--- START ---

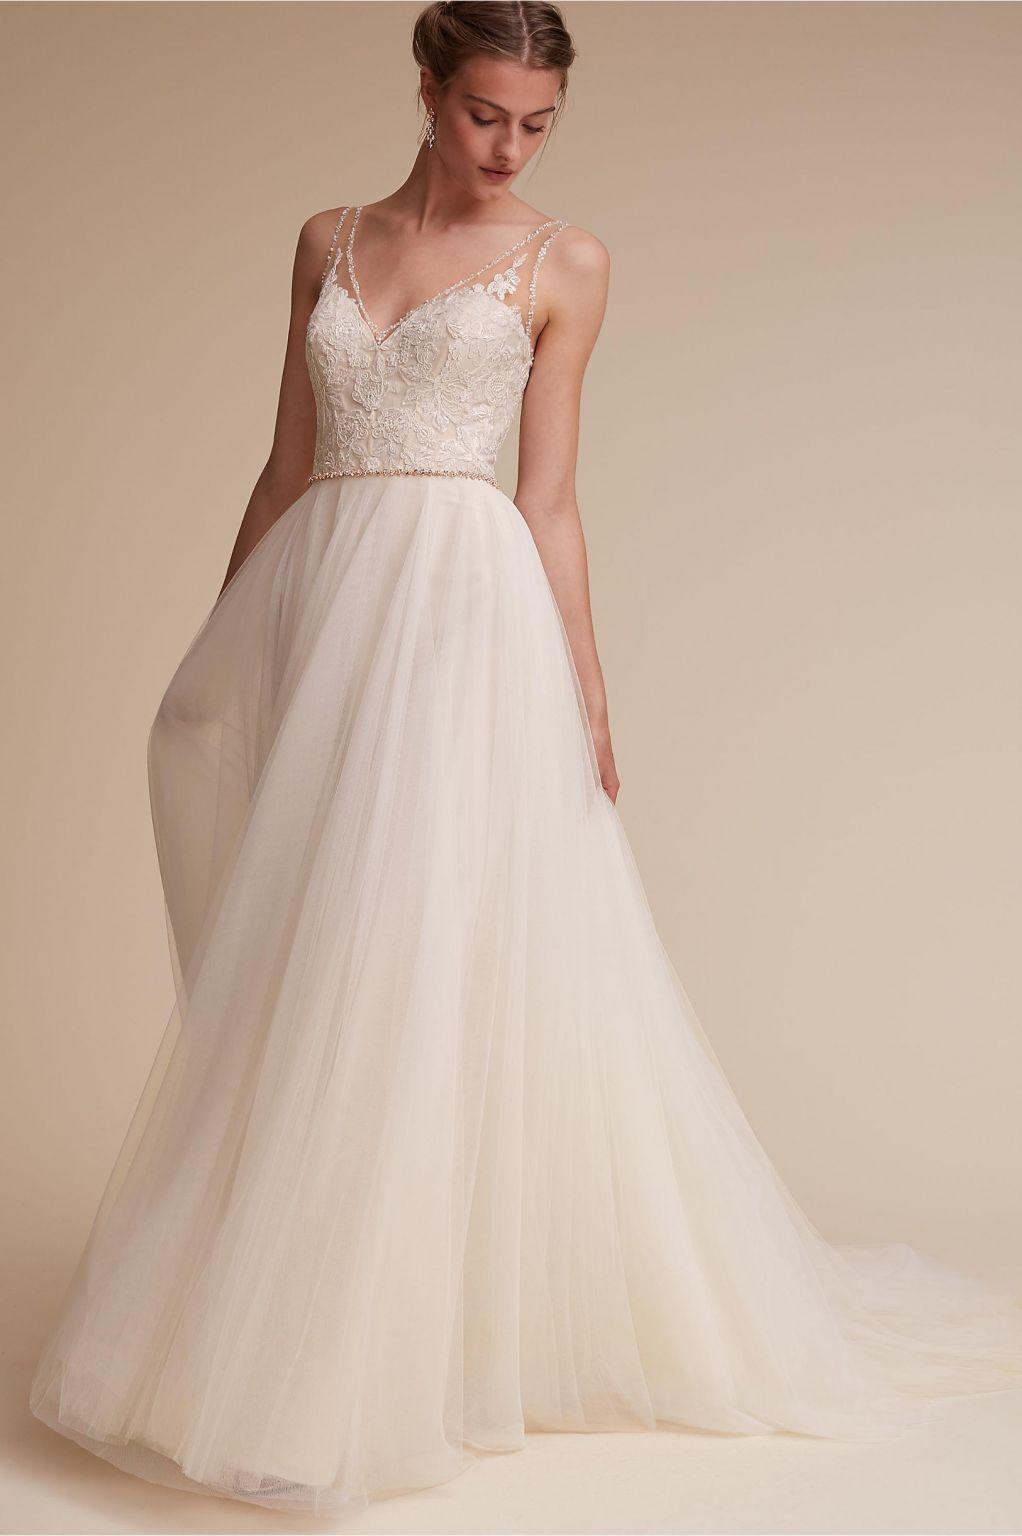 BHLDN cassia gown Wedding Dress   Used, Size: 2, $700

--- END ---
--- START ---

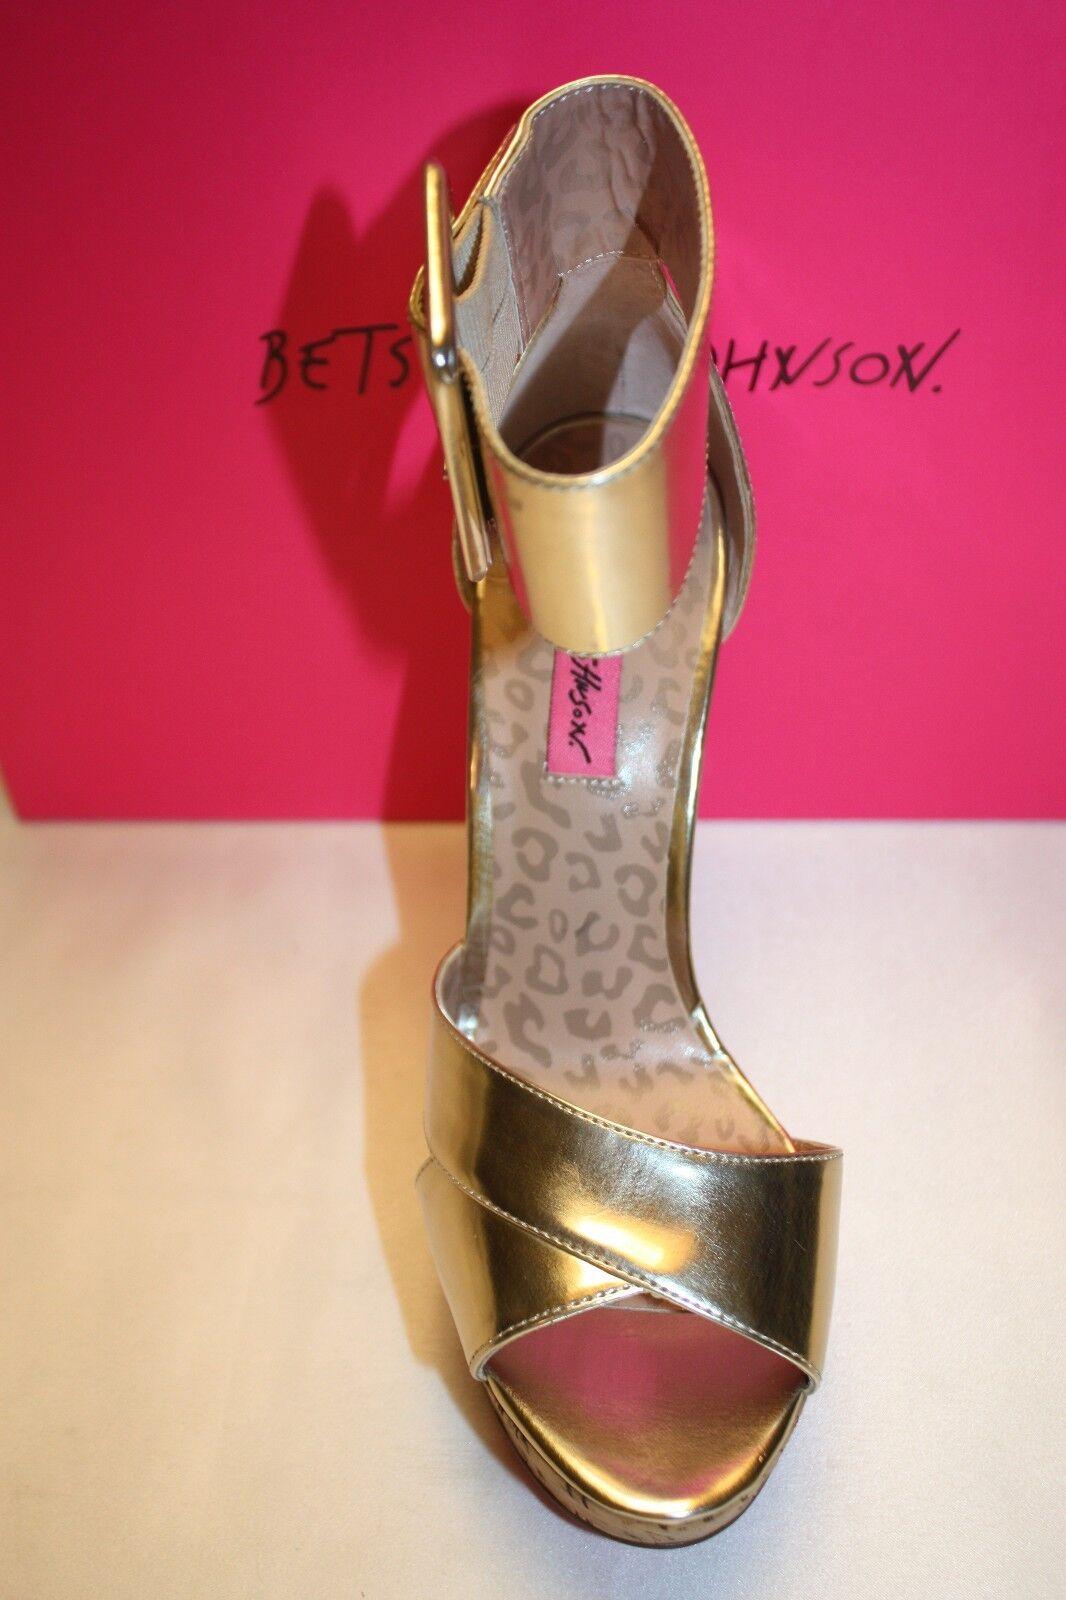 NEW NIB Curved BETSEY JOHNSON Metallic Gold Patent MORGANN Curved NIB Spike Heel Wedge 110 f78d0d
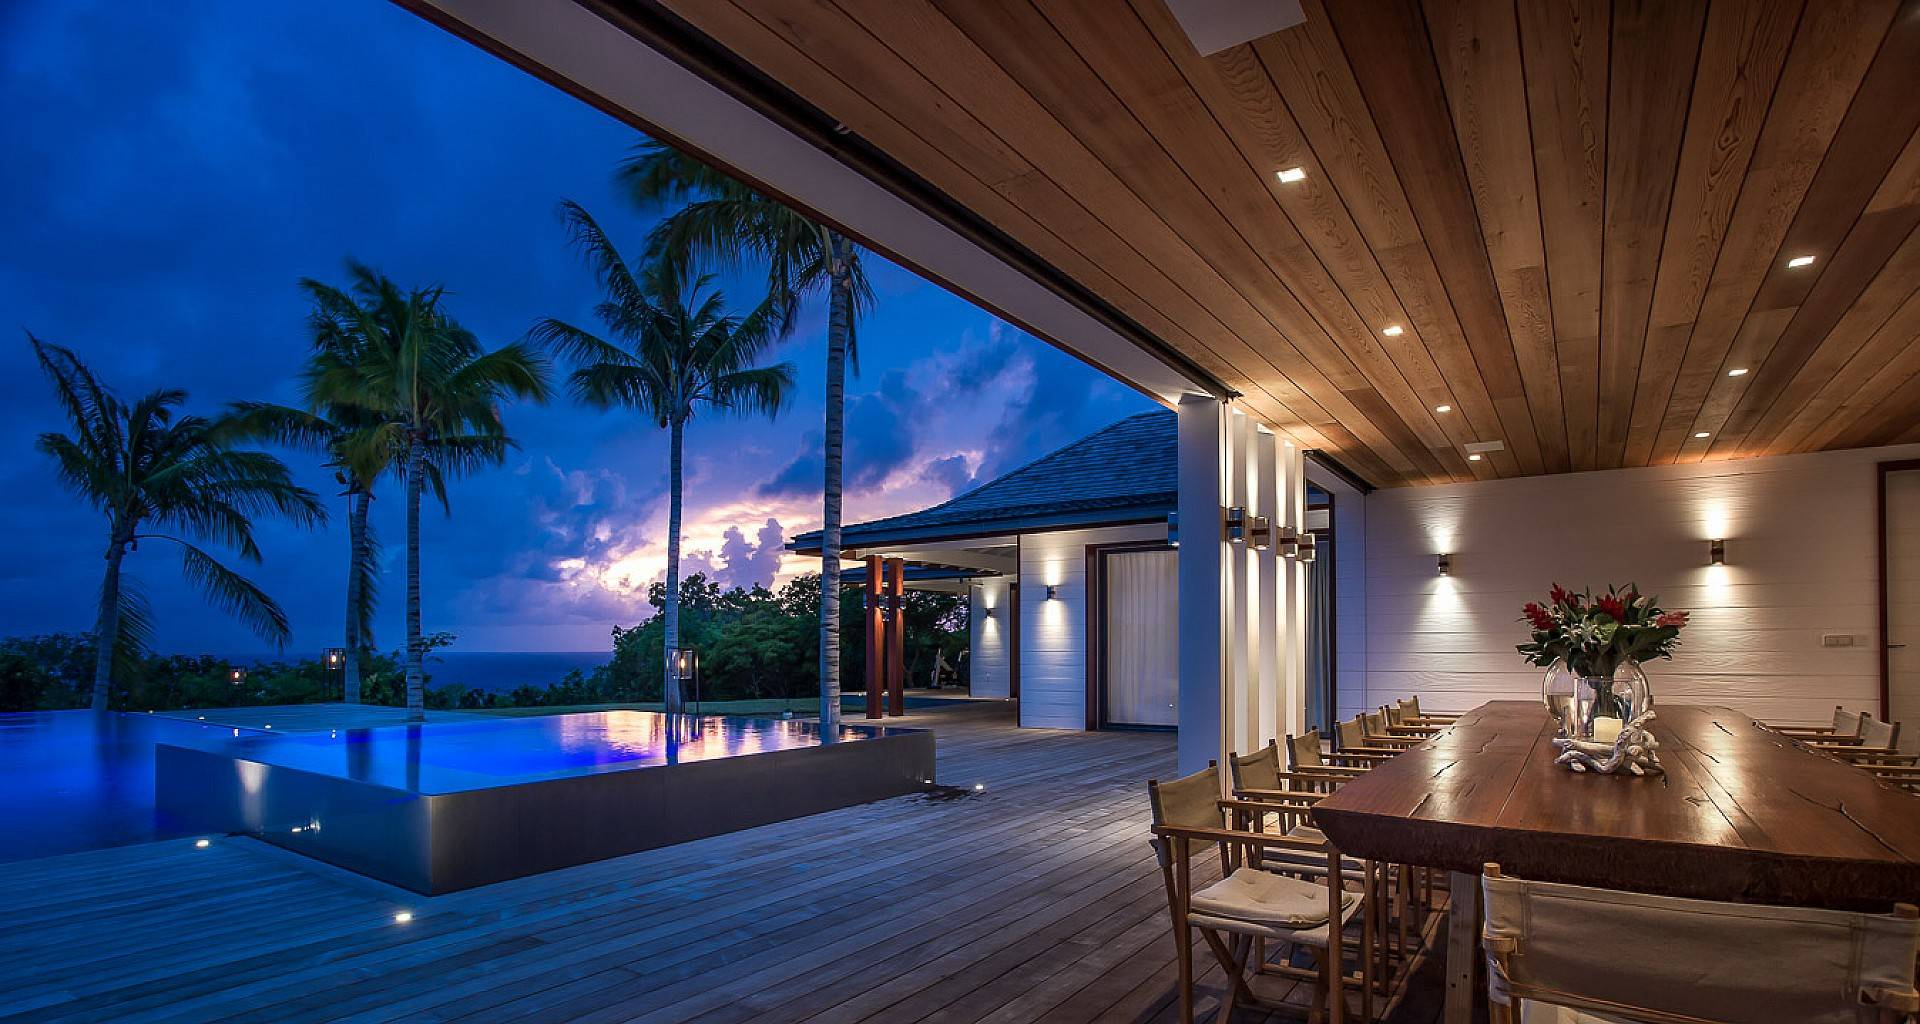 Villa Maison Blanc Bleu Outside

--- END ---

- Required action -
Only the lines above from the one with "NEW NIB Curved" to the one with "Villa Maison Blanc Bleu Outside" should be printed, both included and exactly as written; no picture belongs in the copy.

- Solution -
 NEW NIB Curved BETSEY JOHNSON Metallic Gold Patent MORGANN Curved NIB Spike Heel Wedge 110 f78d0d
 Villa Maison Blanc Bleu Outside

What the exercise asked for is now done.